System/Software Product Quality Model (ISO/IEC 25010 2011)

8 Conclusion and Future work

Characteristics of ubiquitous systems such as context-awareness and invisibility bring new challenges to human–computer interaction. In this scenario, the following question arises: How can we evaluate the HCI quality in ubiquitous systems?

Motivated by this question and by the scarcity of work in the literature that summarizes all evidence about HCI evaluation in ubiquitous systems, we decided to conduct a systematic mapping study in the context of HCI quality evaluation in ubiquitous systems. The search was conducted in six important electronic databases, and after following a rigorous literature review process, we produced a set of 27 quality characteristics and 218 measures useful for HCI quality evaluation in ubiquitous systems.

We then analyzed these 27 characteristics considering the System/Software Product Quality Model and Quality in Use Model from the SQuaRE standard. We concluded that 21 characteristics are generic for any kind of system, since they are present in the SQuaRE models, but it is still necessary to take into account ubiquity particularities when evaluating these characteristics in ubiquitous systems.

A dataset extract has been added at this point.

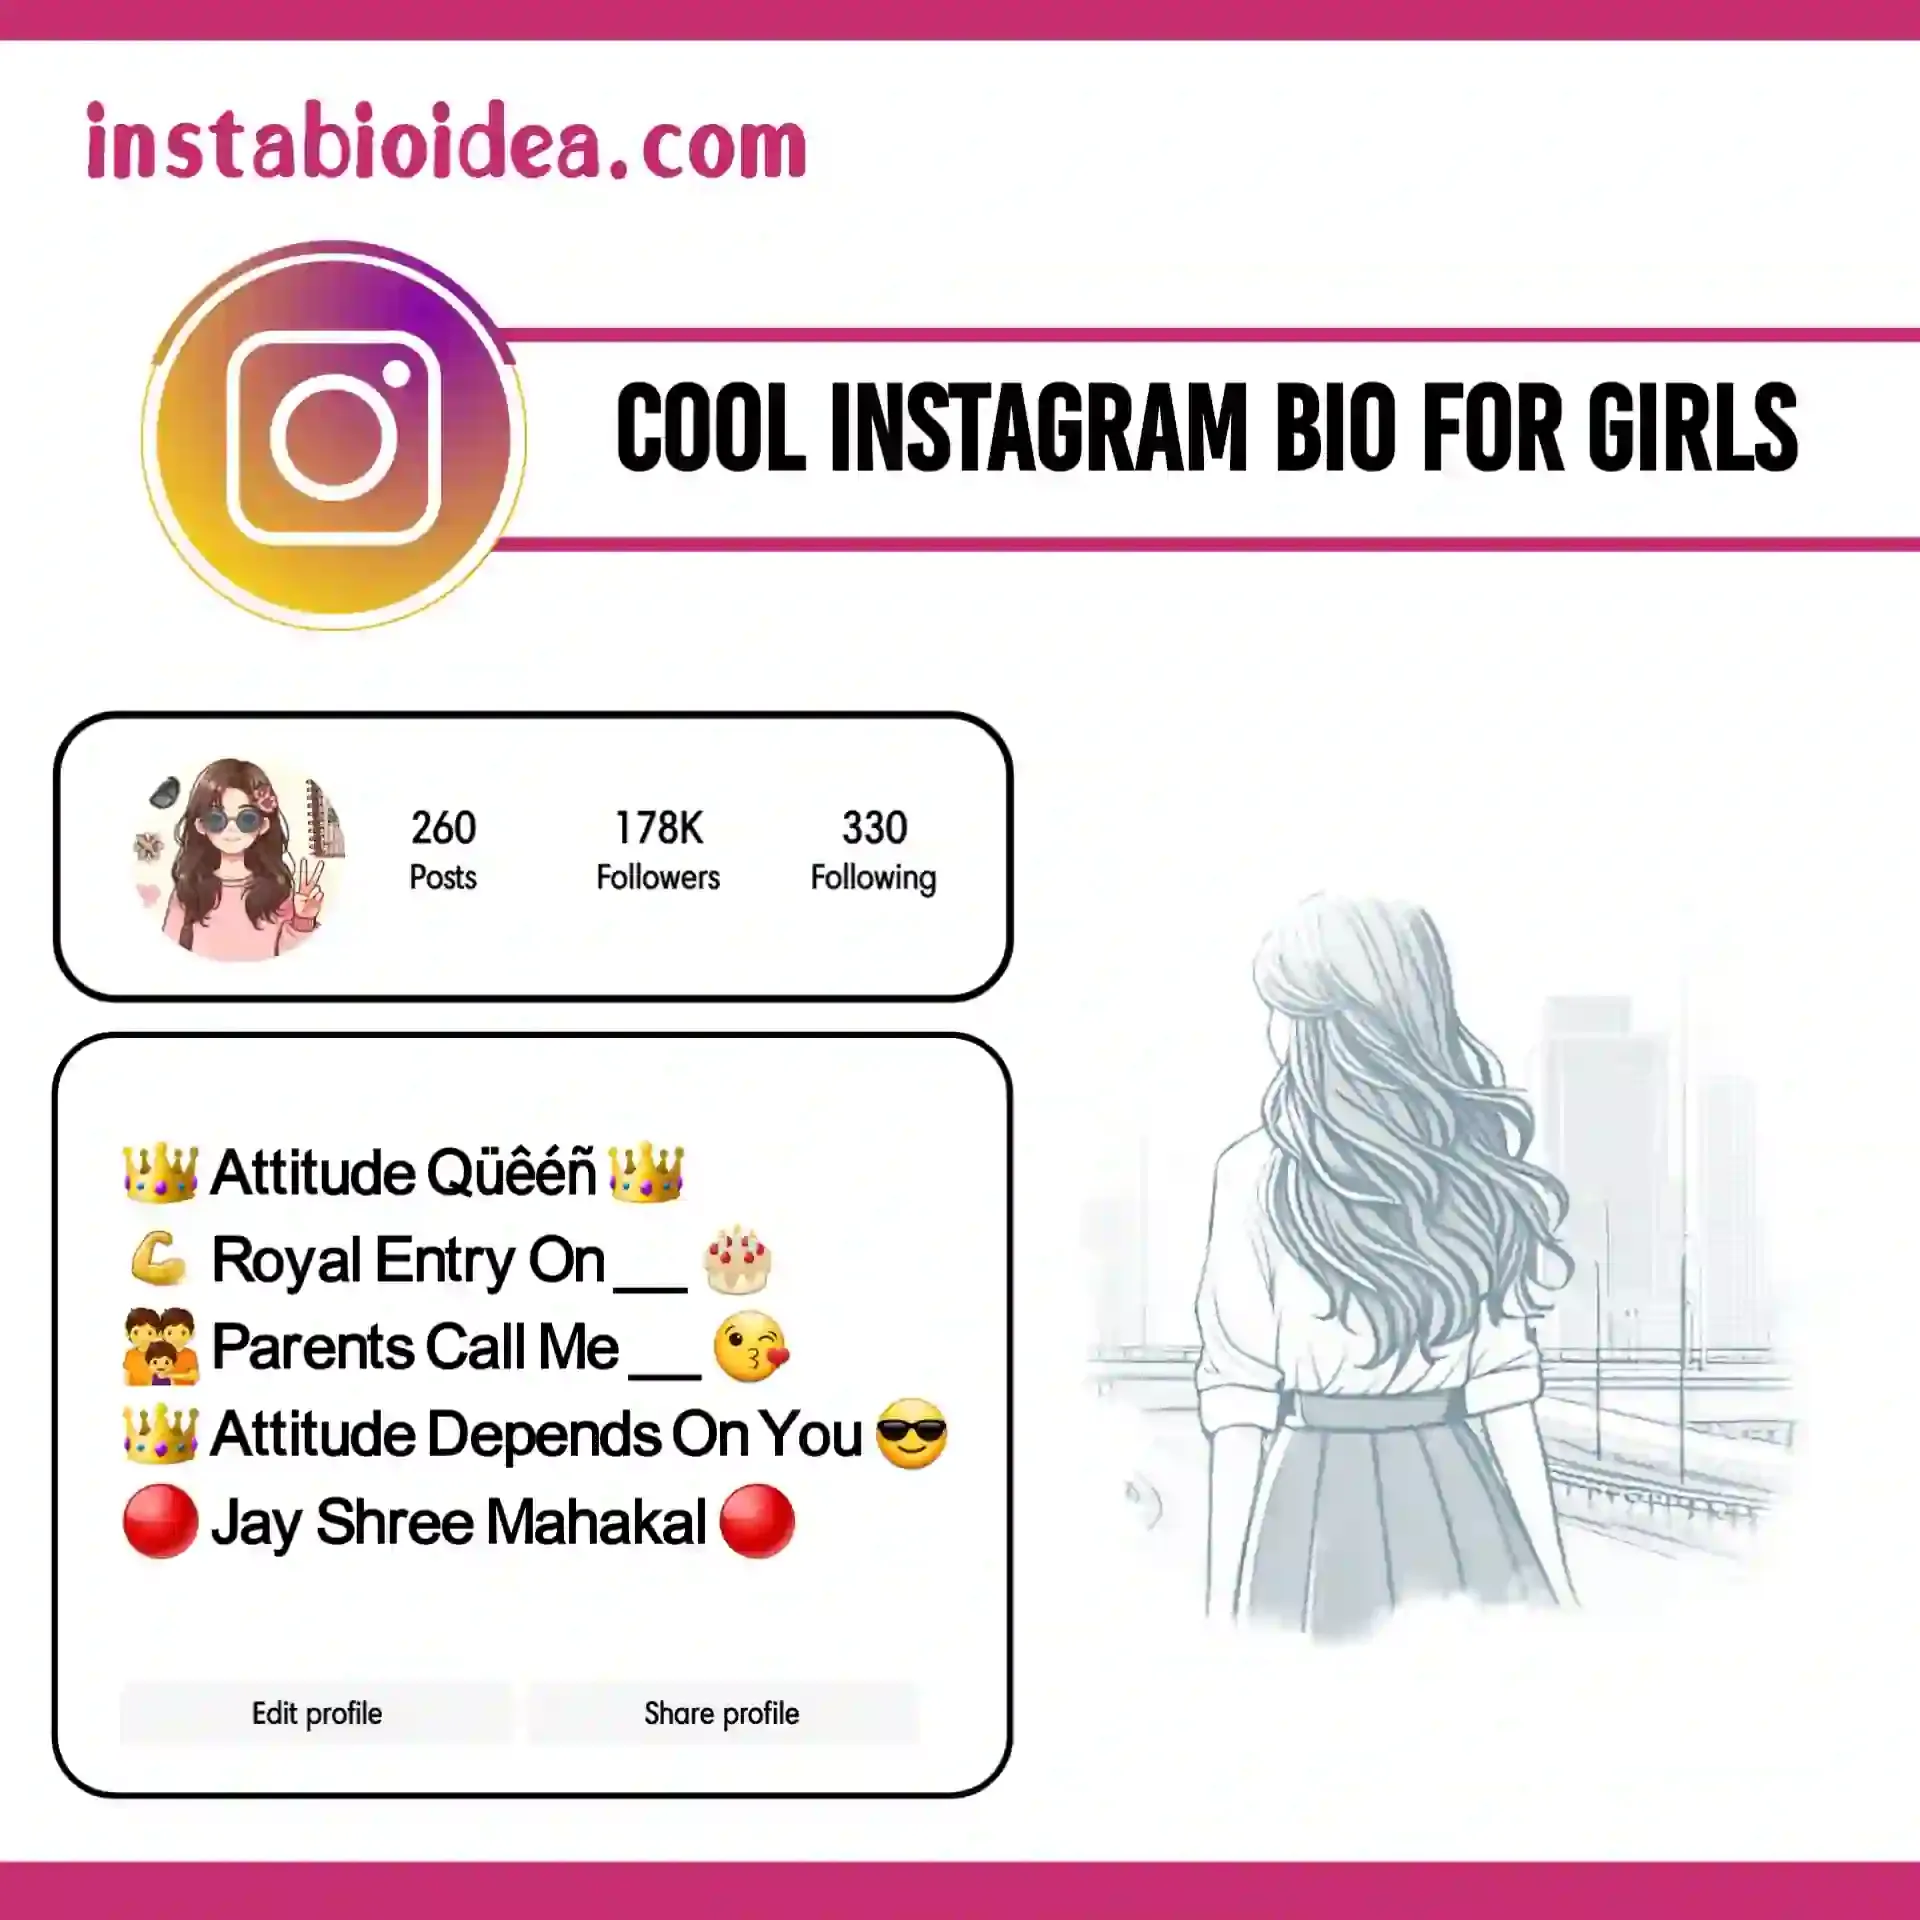 cool instagram bio for girls image
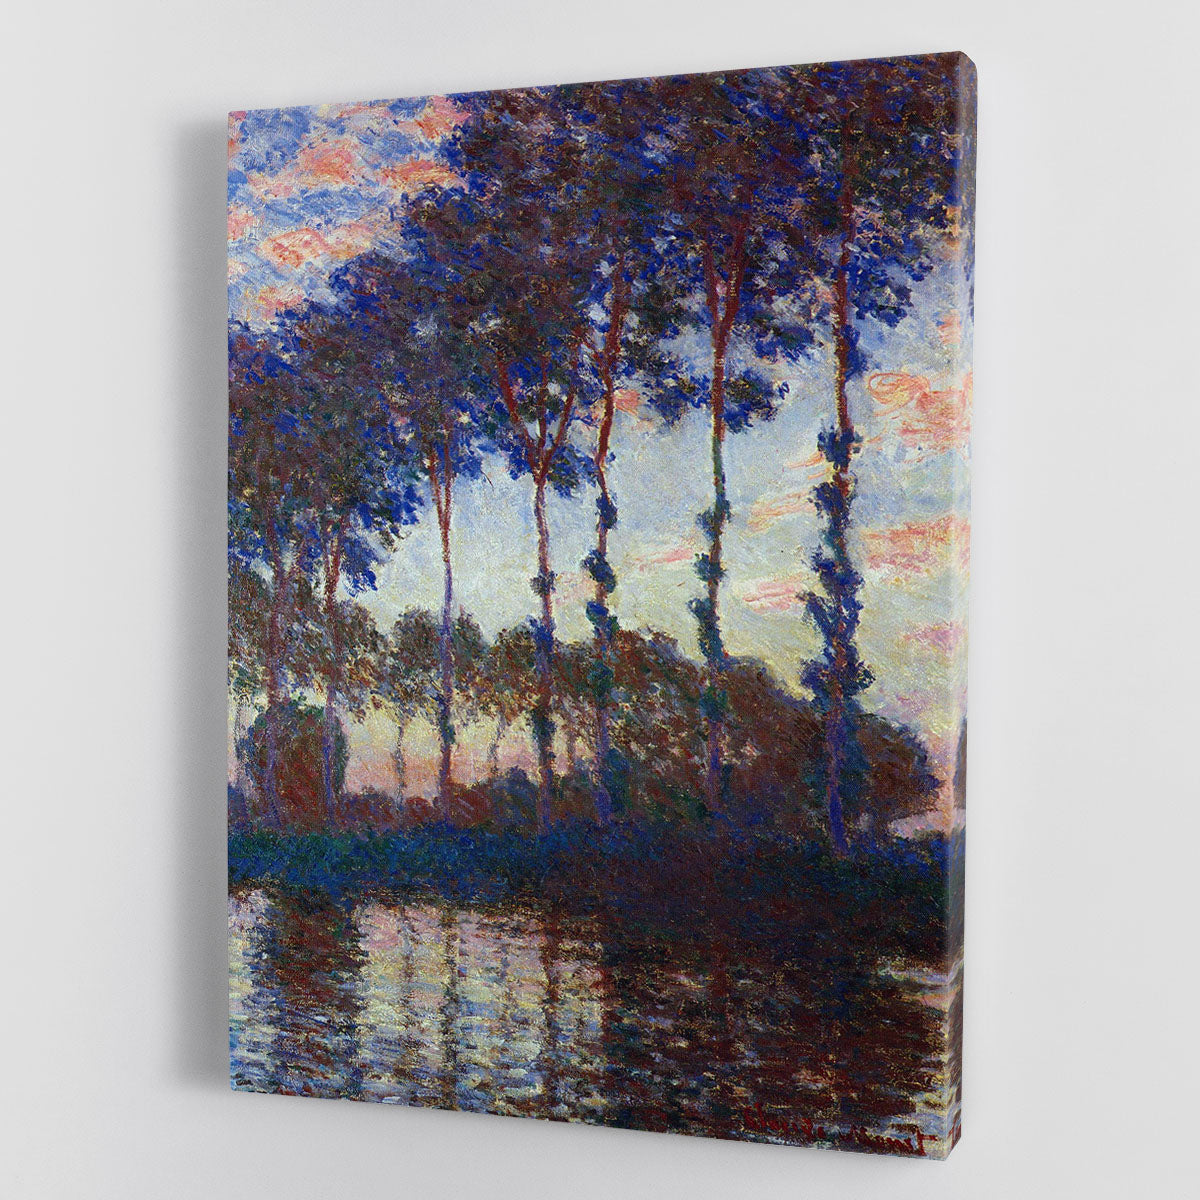 Poplars sunset by Monet Canvas Print or Poster - Canvas Art Rocks - 1

On the other hand, we identified six characteristics that make us believe they are particular to HCI evaluation of ubiquitous systems.

The SM results also show evidence about the need of more research in order to: (1) aggregate all characteristics found in these SM studies; (2) specify better the identified measures; (3) validate the identified measures; and (4) create a complete quality model that organizes characteristics and measures in a hierarchical way.

Furthermore, this study leaves the following future work:

  • The measures may have relationships, for example, measures from Context-awareness may impact on Usability.

  • Once new measures are defined, they need to be applied in different domains and different types of ubiquitous systems (e.g., touristic guides) to be really validated and to show their utility;

  • Knowing the quality characteristics, new approaches for the development of ubiquitous systems that consider the quality characteristics early in the development should be defined instead of leaving the quality evaluation for the end of the development cycle;

  • Prioritization of the software measures can be done with respect to their importance;

  • Software testing procedures should be defined to correctly collect each one of the measures in different scenarios of use; and

  • Definition of a testing process for different types of ubiquitous systems based on both the quality characteristics and the software measures presented in this paper.